Negr@s

QUILOMBO VERMELHO

Passado e presente da vida e da luta negra nas Minas Gerais

Um legado que permanece até hoje em cada negro e negra que carrega nas veias o grito de guerra de seus antepassados revoltados contra o cativeiro.

Pammella Teixeira

Belo Horizonte

terça-feira 7 de novembro| Edição do dia

A história de Minas Gerais é marcada pela mineração, pelas cidades históricas, os quilombos e a resistência negra.
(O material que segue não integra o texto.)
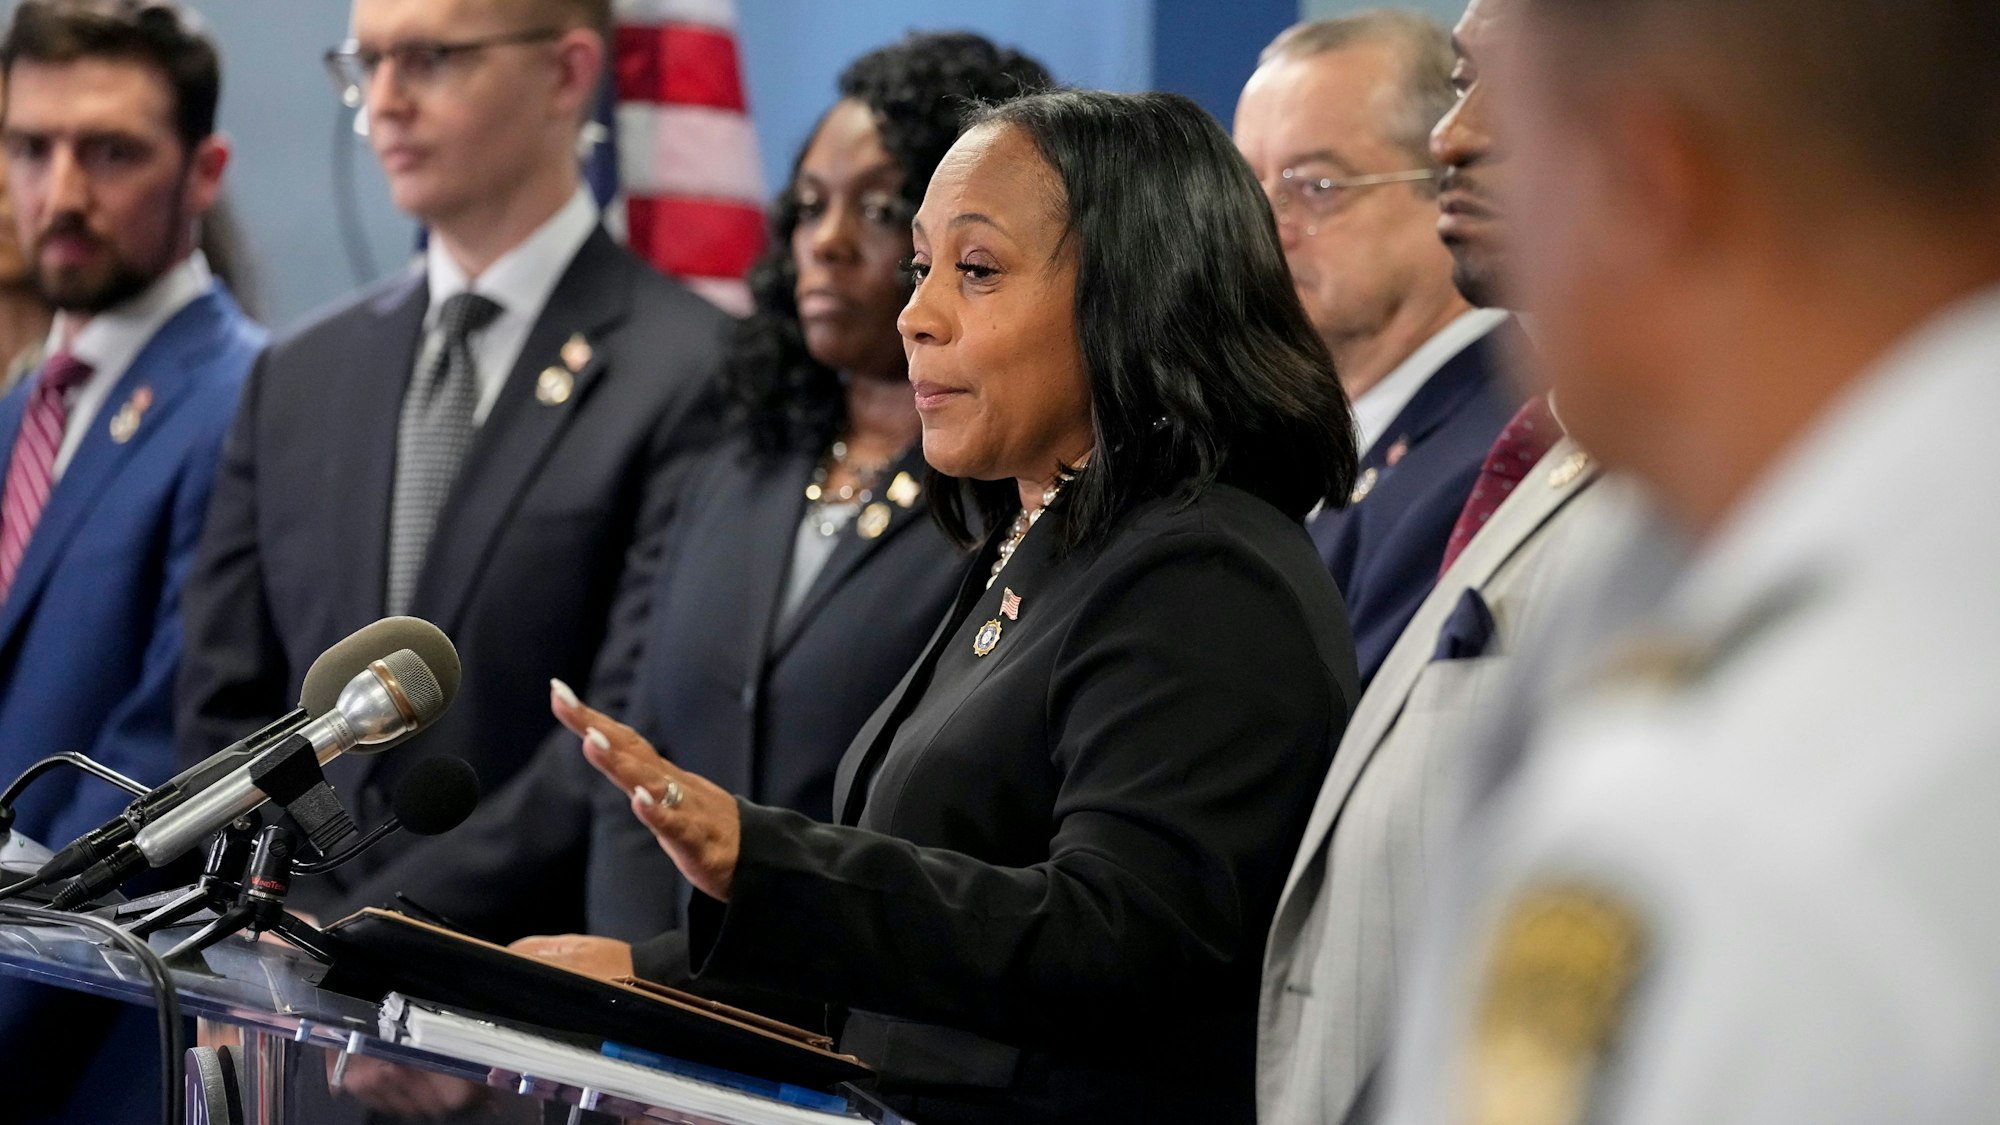 Die Bezirksstaatsanwältin Fani Willis (m.) spricht während einer Pressekonferenz. Donald Trump und mehrere Verbündete sind in Georgia angeklagt worden, weil sie versucht haben, seine Wahlniederlage von 2020 in diesem Bundesstaat zu kippen.

É o segundo estado mais populoso do Brasil. A estimativa do Censo Demográfico do IBGE para 2017 foi de 21 milhões 119 mil e 536 habitantes, distribuídos em povoados, vilas, cidades pequenas, médias e grandes. A população ocupa espaço majoritariamente urbano, quase 75% da população mora nas cidades, e essa característica do estado tem suas raízes na política de colonização e bases econômicas relacionadas à mineração, com as quais o estado vem se solidificando há séculos.
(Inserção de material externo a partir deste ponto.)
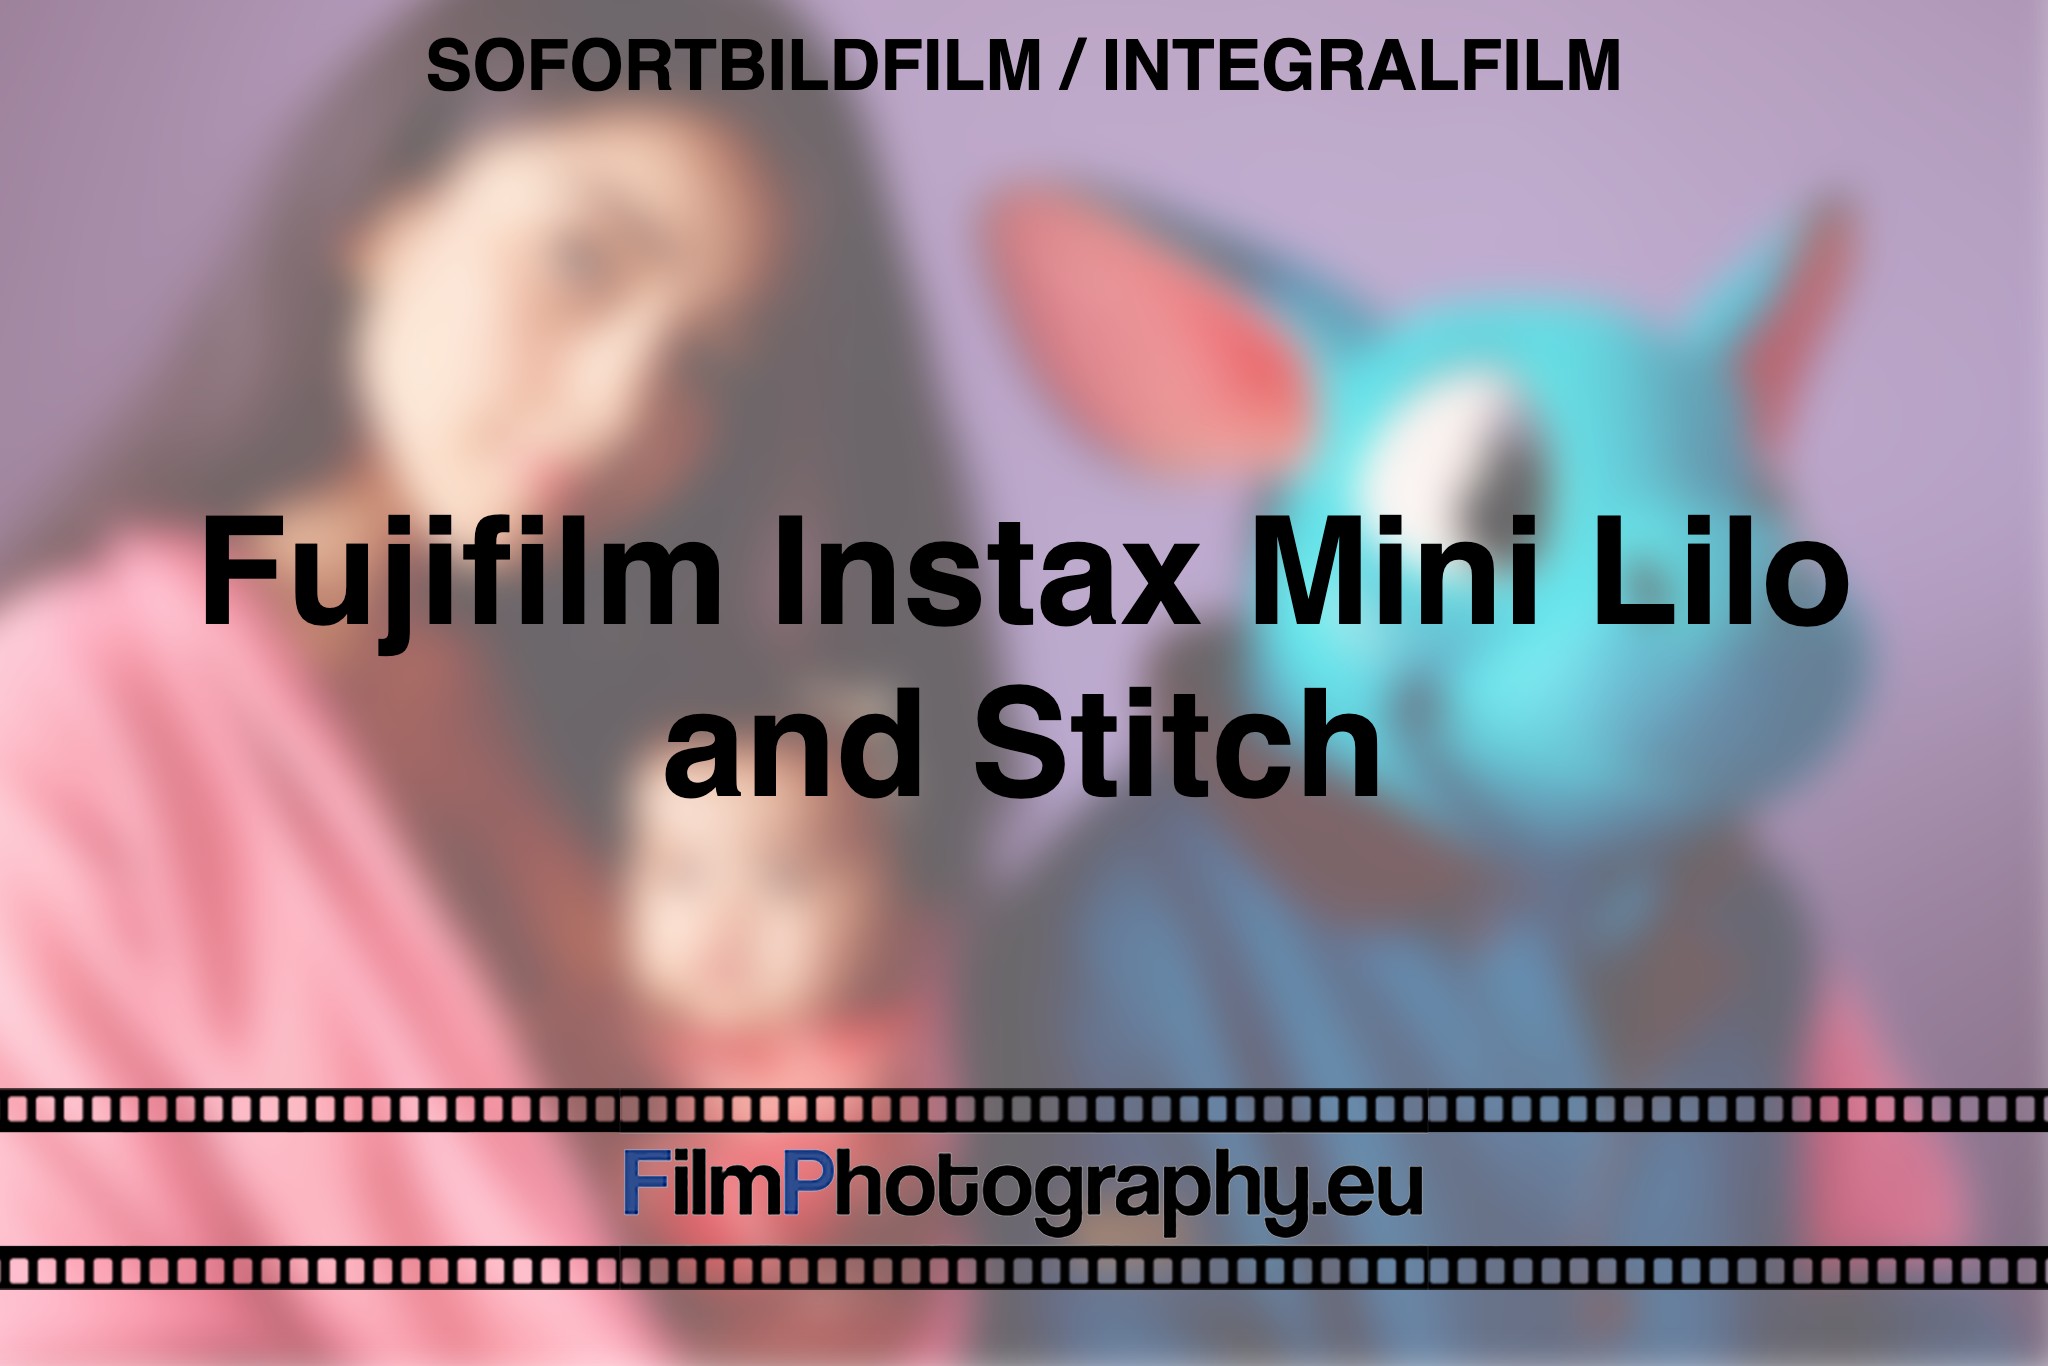 fujifilm-instax-mini-lilo-and-stitch-sofortbildfilm-integralfilm-fp-bnv

Combinada com a vida urbana, a história de Minas Gerais também foi marcada pelo trabalho de africanos (vindos de Angola, de diversas etnias, ou importados da Bahia, pela Costa da Mina) e seus descendentes. A construção do estado e de suas vilas, minas, fazendas, estradas, etc., se deu graças à força de negros e negras escravizados no processo de colonização das terras mineiras durante o século XVIII. A extração de ouro e pedras preciosas na região de Vila Rica foi o motivo para a criação da famosa Estrada Real, que seguia até o Rio de Janeiro, em que havia não só um grande fluxo de escravos para a região das minas, como também um controle dos metais e pedras preciosas que saíam e dos escravos que entravam.

Leia também: Dia 18 de novembro nasce um Quilombo Vermelho contra o racismo e o capitalismo

Nesse período, a população negra africana compunha a maioria da população mineira. Isso porque a expectativa de vida de um negro nas minas era de apenas sete anos, o que obrigava os colonos a trazerem cada vez mais escravos para manter a “produção aurífera” e atender os interesses da Coroa portuguesa. A escravidão africana em Minas Gerais acompanhou o processo de mineração e sua decadência, já no final do século XVIII.

Os descendentes de africanos são muitos no estado. No começo, se deu pelos chamados “nascimentos ilegítimos”, frutos, em sua maioria, de estupros de negras escravizadas pelos seus “senhores” portugueses. Registros históricos apontam a proporção de 10 nascimentos legítimos para 100 ilegítimos. Fazendo com que a população mestiça e negra fosse praticamente maioria no estado. Em 1720, a Capitania de Minas Gerais abrigava cerca de 250 mil habitantes, calculando-se 100 mil brancos, 100 mil mulatos e 50 mil pretos. E em 1870, mesmo depois do fim do tráfico de escravos, ainda havia 300 mil escravos no estado.

Saiba mais: Um pouco da história dos escravos e do dinheiro produzido pelo garimpo no século XVIII foi preservado na Casa dos Contos de Ouro Preto e vale uma visita

Boa parte da arquitetura barroca de Minas Gerais também é uma herança dos negros como, por exemplo, o uso do que chamamos “pedra sabão” na construção de grande parte da arquitetura das cidades. Eram os negros e as negras que dominavam as técnicas, os instrumentos e as ferramentas específicas para trabalhar com a pedra sabão, desde o manuseio desse material na África.

A formação religiosa de Minas Gerais também teve influência da mão-de-obra escrava e traz consigo um forte sincretismo religioso que pode ser observado até hoje nas festas folclóricas de dezenas de municípios mineiros, como a festa do Rosário, e em danças como o candombe, a cavalhada e o congado, por exemplo.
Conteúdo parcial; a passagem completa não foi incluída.